I'm deciding on whether I should go to UC Berkeley as an undergrad for their film studies program. I've been hearing pro's and con's about the program from all different people, so I was hoping I could get a little insight or advice on here.

I know that their program focuses mostly on theory and history of film and less on production. On one end, I can learn what works in movies and why good movies are they way they are and vice versa. But I also won't have access to as much production courses as other schools are offering.

After I get my B.A., I want to transfer, hopefully, to USC or UCLA. 

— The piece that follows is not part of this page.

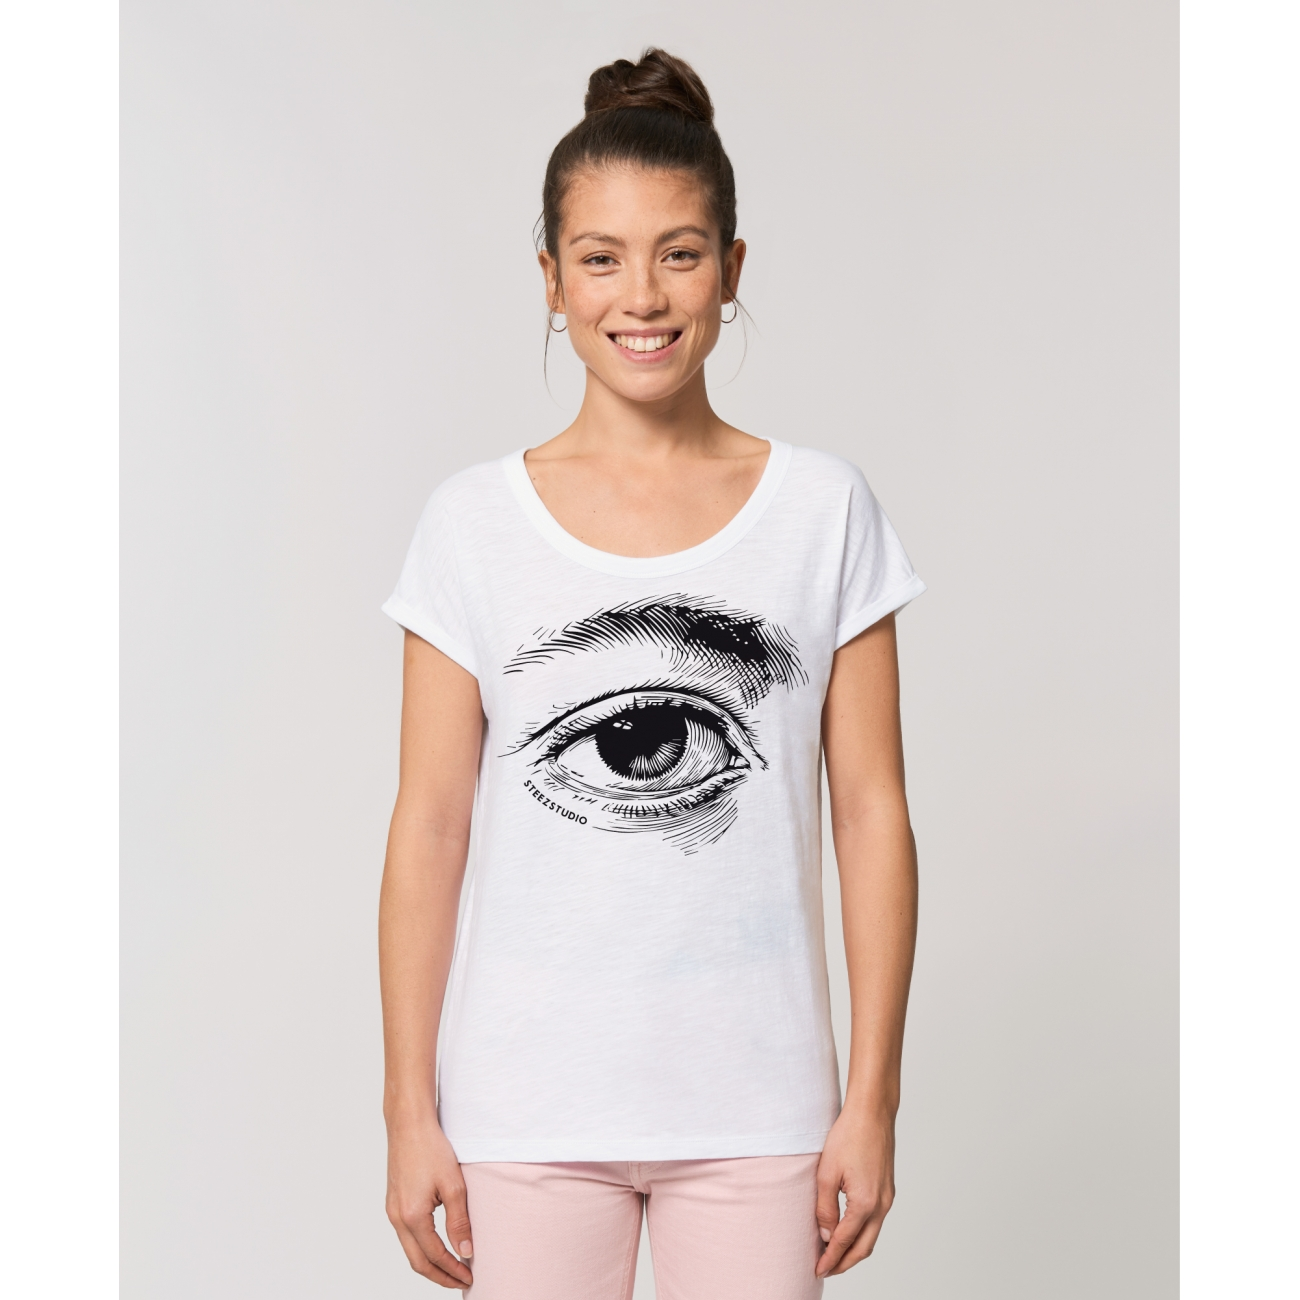 https://tee-shirt-bio.com/10479-thickbox_default/tee-shirt-blanc-femme-coton-bio-manches-repliees-impression-oeil.jpg
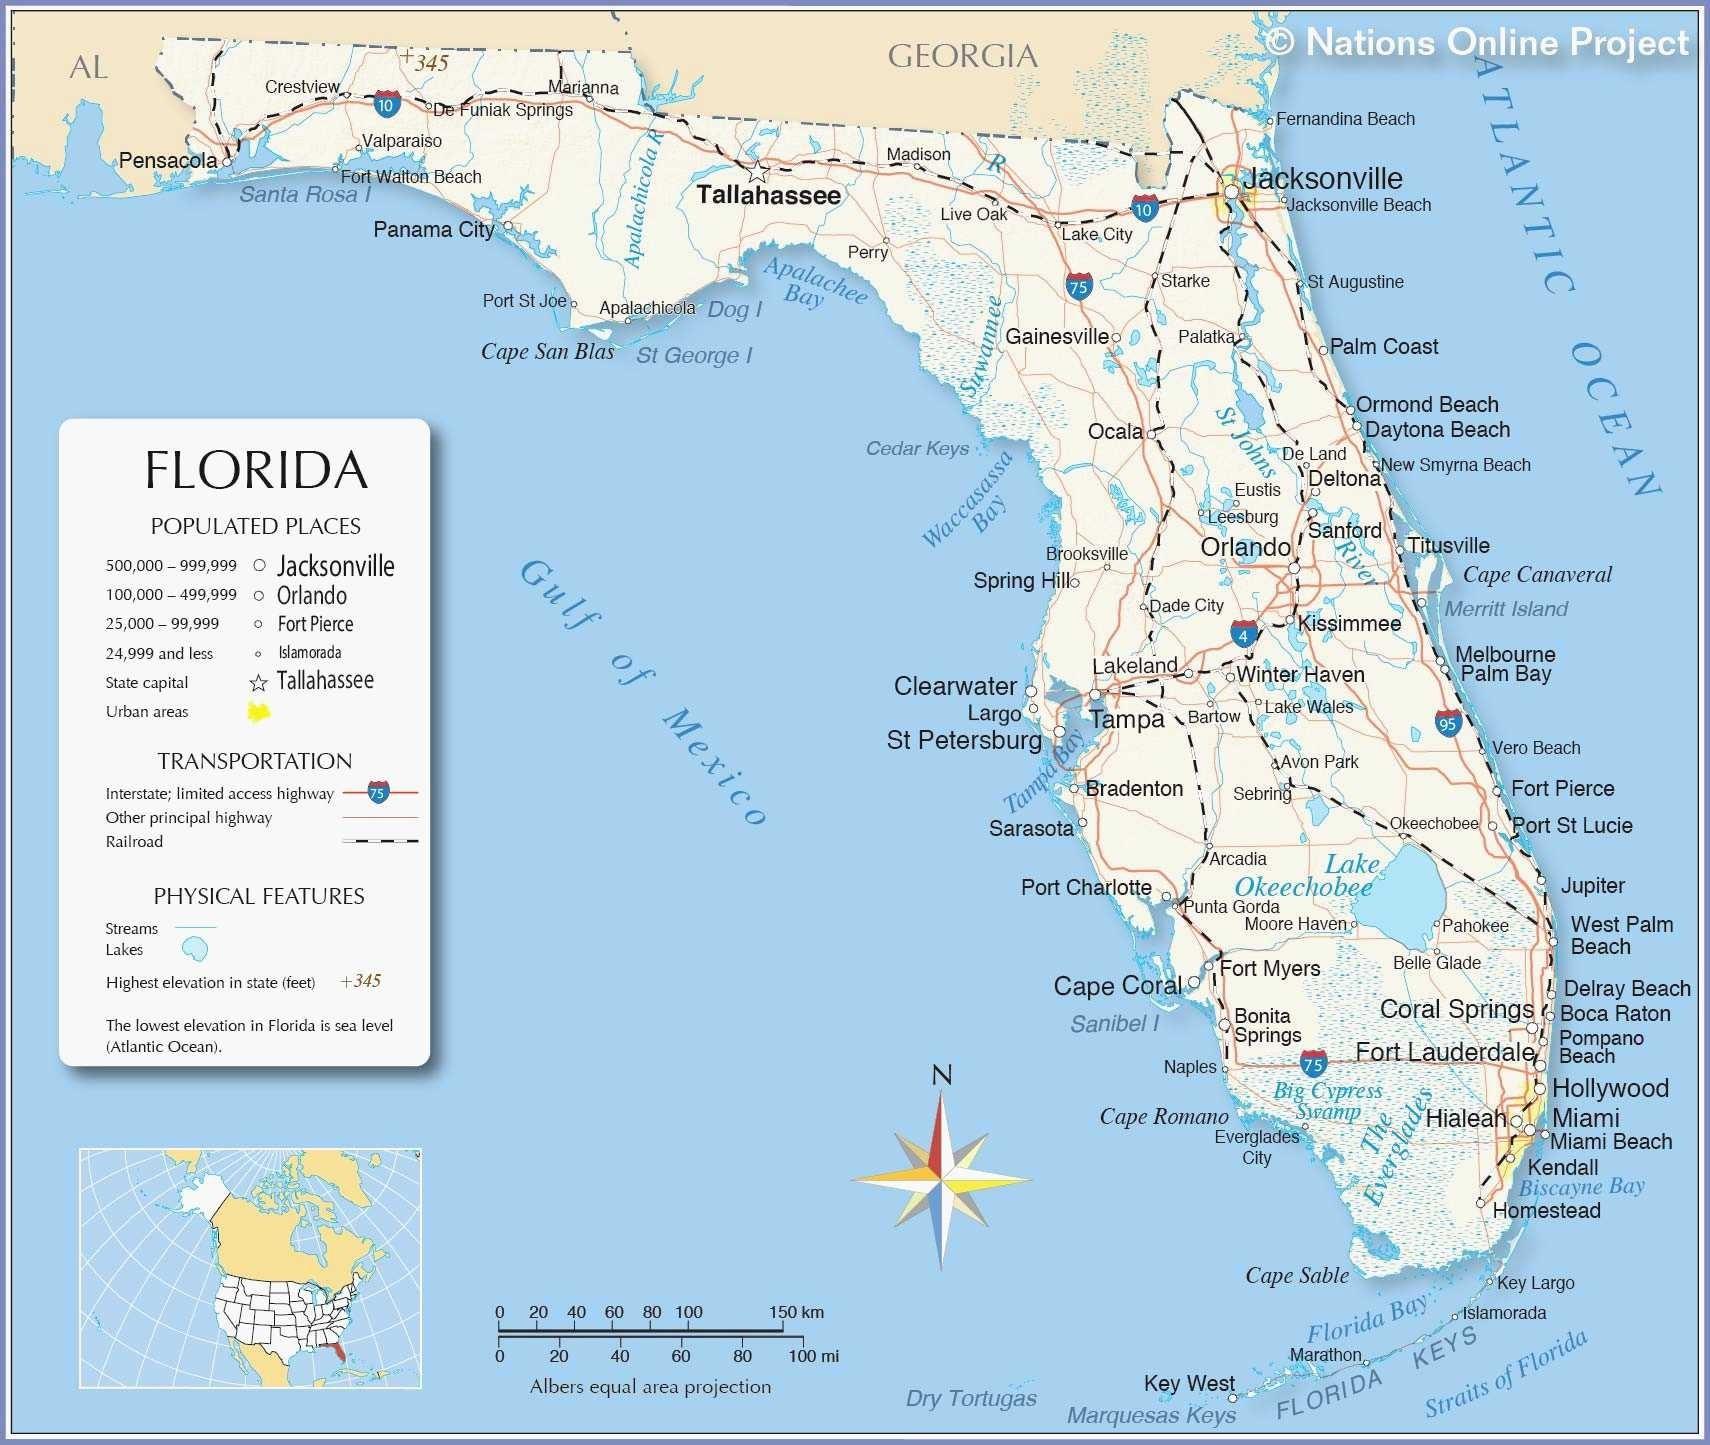 Us Geological Sinkhole Map Sinkhole Zones In Fl New United States - Florida Geological Survey Sinkhole Map

Anyways, if anyone could tell me what their experience was like at UCB or any other advice they can give me, I'd very much appreciate it! 

Thanks!


----------



## momotato (May 18, 2009)

I started my undergrad in film there.  I wanted to learn production/screenwriting, and since the school didn't offer any real classes in either I met with the department head to ask about internships:
Him, "Do you want to work in film?"
Me, "Yes"
Him, "I'll be frank with you, our department isn't what I'd like it to be, we are more of a rhetoric department that has film courses.  If you are serious about film I strongly suggest you go to a better school."

He then gave me a list of better schools, one of which was SFSU, which is just across the bay.  I ended up transferring to SFSU and was much happier.  SFSU surpasses Berkeley in both production and theory, and it's cheaper.


----------



## Daisuke89 (May 19, 2009)

Ah... I spoke to one of the advisors today and found out that the production courses aren't actually under the film department. It's actually in their journalism department.


----------



## Apooyo (May 25, 2019)

I will be attending UC Berkeley this fall as a Film and Media major. I've researched and checked out UC Berkeley's Film and Media websites regarding major requirements and expectations. However, I couldn't find anything about materials I will need to complete the courses. Can anyone tell me about what *supplies and materials *I will need? This also begs the question as to how much is the *average cost of attendance *for a Film and Media major?


----------